Ghost Ranch Red Rock Cliffs; Photo credit Wikipedia.org

With a blend of curiosity and uncertainty, I put out the word a few months ago that my husband and I would be giving an Emotional Genealogy workshop and arranged for it to take place at the Ghost Ranch Retreat Center.

Ghost Ranch, New Mexico, is infused with magic. The ochre-red-magenta cliffs form an ever-changing backdrop as the sun dances around, chasing shadows, darting behind cotton-puff clouds.

Georgia O’Keeffe called Ghost Ranch home, and the trees, rocks, and mountains in her paintings still stand today, waiting for her to come back and paint some more.

Ancestral people began living in the area 9,000 years ago, and 500 archeological sites attest to their brief and longer sojourns on the land. It was this ancestral depth of the ranch that inspired me to choose it as the place to lead the first Emotional Genealogy workshop.

All that was required of participants was a willingness to look backwards, forwards, and inside. And radical honesty. They didn’t have to say nice things that they thought were expected of them. They would be family for the weekend, in a safe, welcoming place.

Participants came from all over the mainland U.S., Hawaii, and Canada. They came with secrets, questions, dark, unexplored areas in their lives. They came with courage, humor, honesty, confusion, humility. They came like flashlights that unflinchingly looked to the past to better understand the present.

emotional genealogy eys of ancestors

“And eyes—sad, sexy, secretive, haunted, arrogant, tender—stared out from photos, beckoning and challenging us to learn what was behind them.”

Each was told to bring an object or photo from an ancestor. And a common shrine was built. A watch, rings, and jewelry seemed to vibrate with the energy of those who once wore them. And eyes—sad, sexy, secretive, haunted, arrogant, tender—stared out from photos, beckoning and challenging us to learn what was behind them.

As each person held an object, and spoke about it, it was like Proust’s madeleine. It took them back to memories, smells, sounds, tastes of growing up with parents, grandparents, aunts, uncles. It provides a safe physical bridge to cross over to the past.

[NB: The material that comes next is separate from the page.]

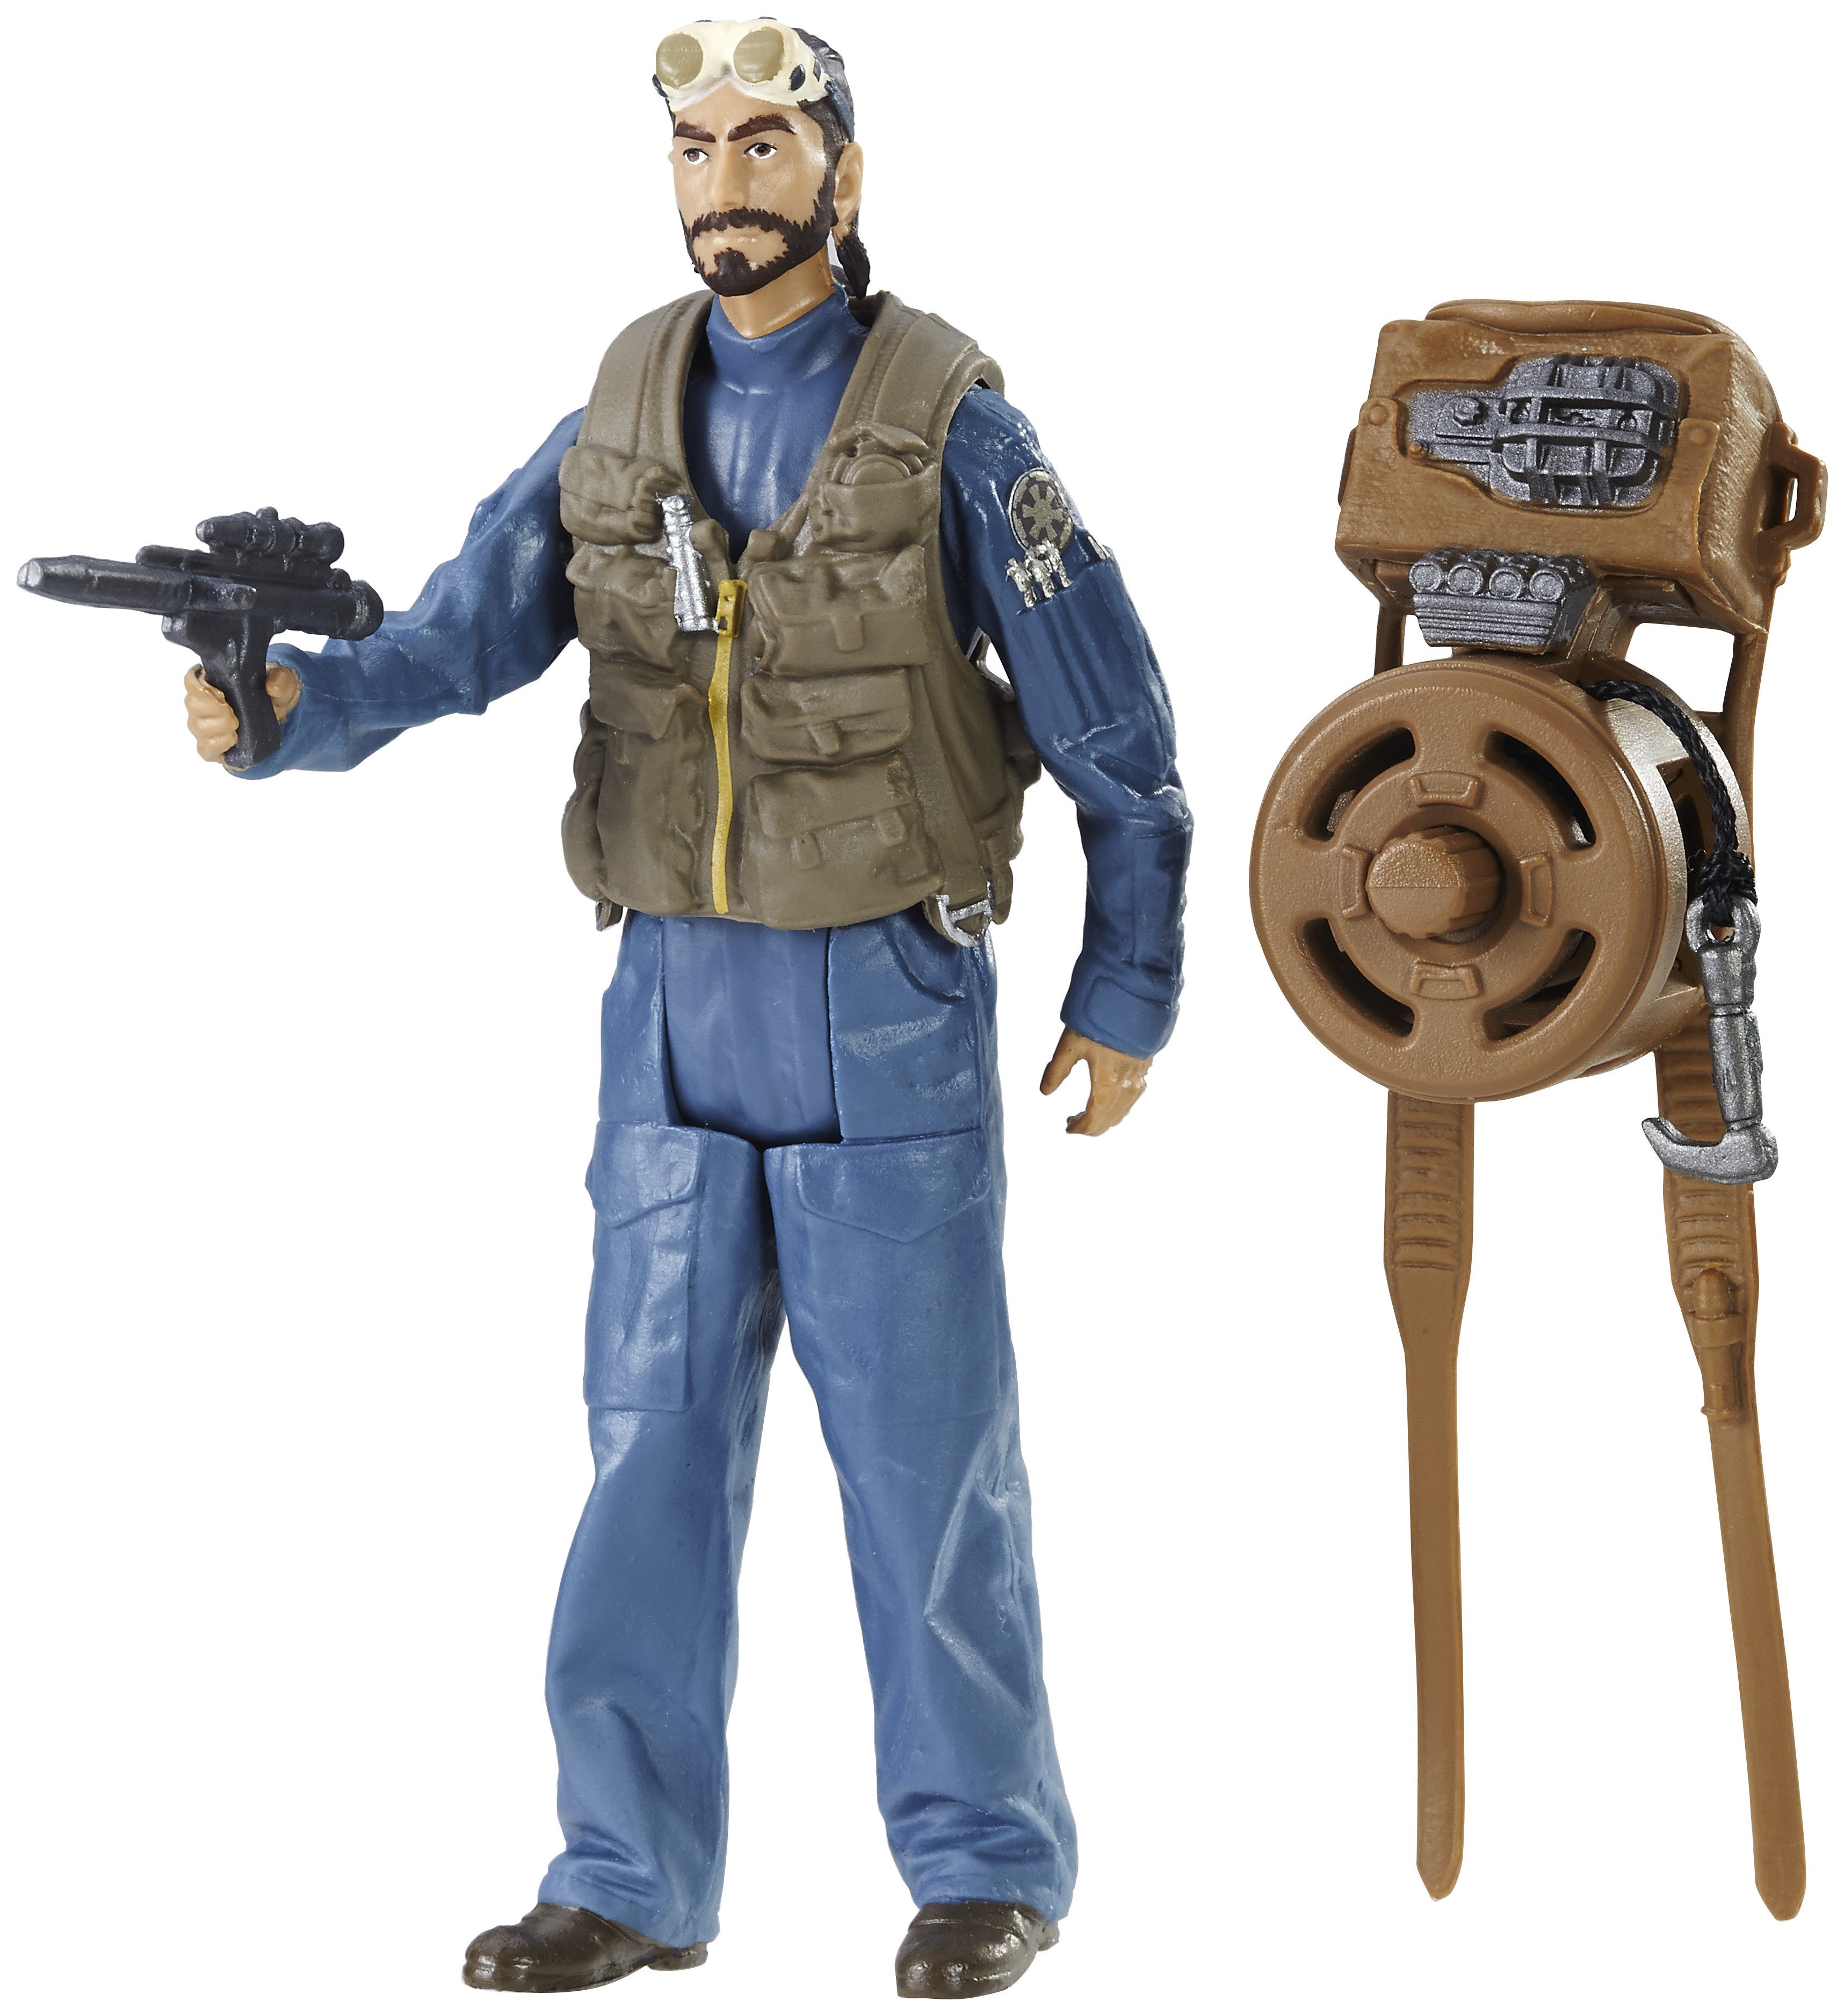 Star Wars Rogue One Bodhi Rook. Ages 4 and up

Everyone was asked to bring a camera—in most cases, it was the camera in a cell phone. They took photos of physical traits that linked them back to those who came before them.

Each of the participants was different—in age, talents, accomplishments, religion, and personal history. But there was a startling commonality that bound everyone.

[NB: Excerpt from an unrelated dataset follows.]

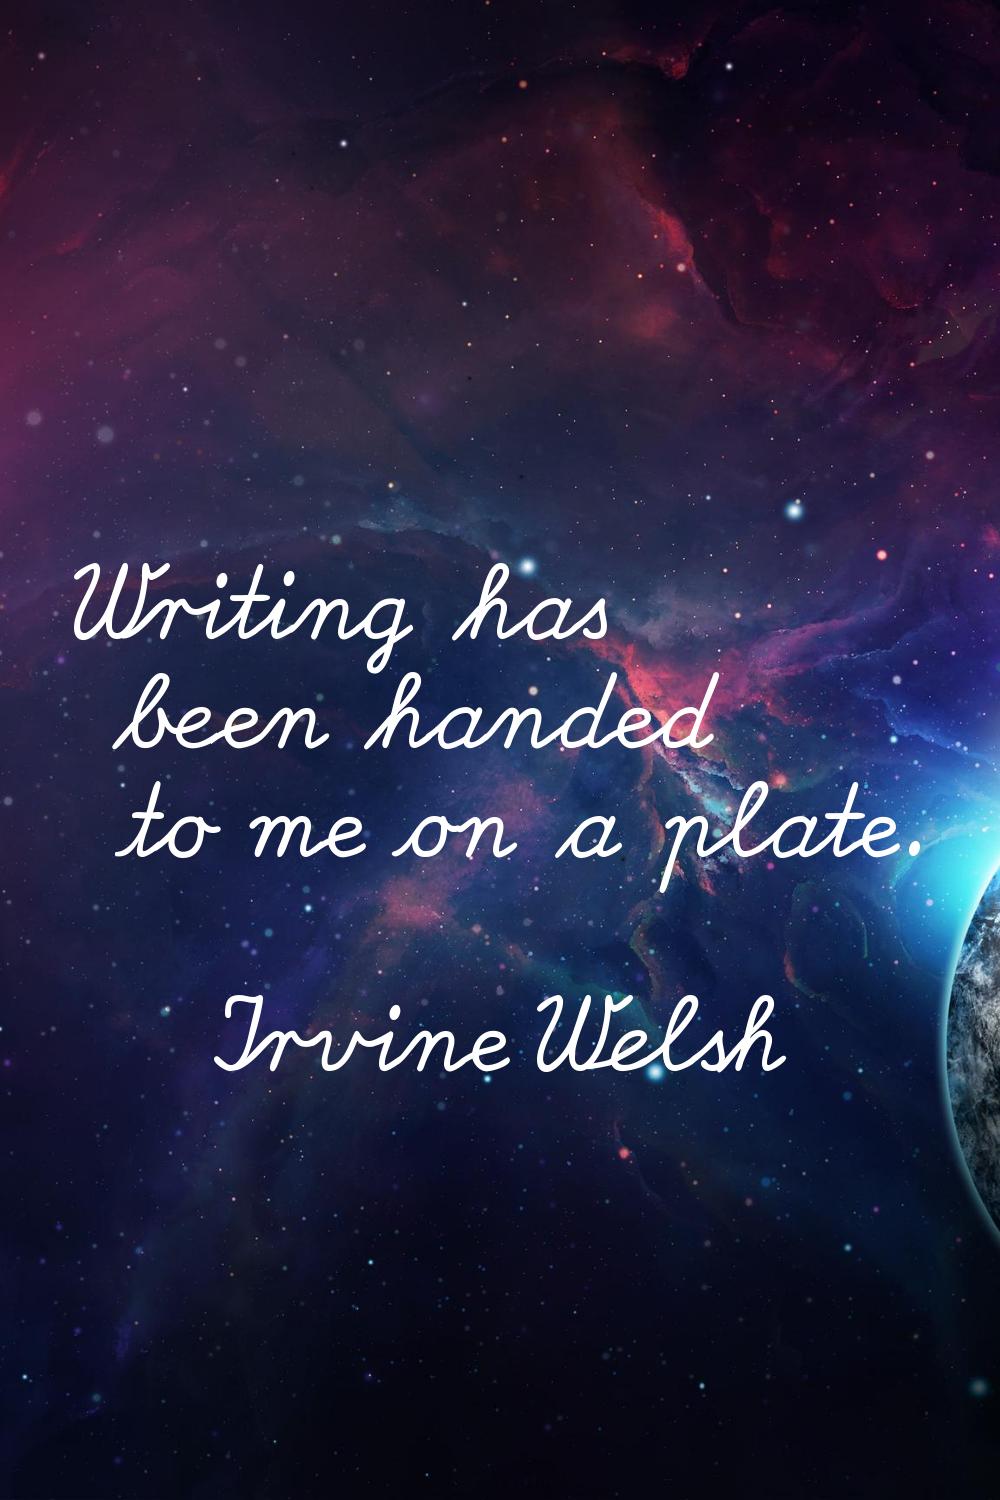 Writing has been handed to me on a plate.

One of the threads that ran through so many lives was shame. Not for what they had done, but for what their parents, grandparents, and other ancestors had done. It was as though what their forebears did had somehow become their story, and they felt implicated—as they though they had done it, or inherited it, or would pass it on.

Another theme was lack of maternal love: mothers who were unwilling or unable to provide physical and emotional security, affection, solace, and caring because of their own limitations, blind spots, mental illness, or emotional genealogy. In some cases, the cruel hand of fate removed a mother through death.

A third thread was absence: adults who were physically there, but emotionally remote or not present. Or who sent their children away to orphanages, boarding school, foster families, or to live with other family members.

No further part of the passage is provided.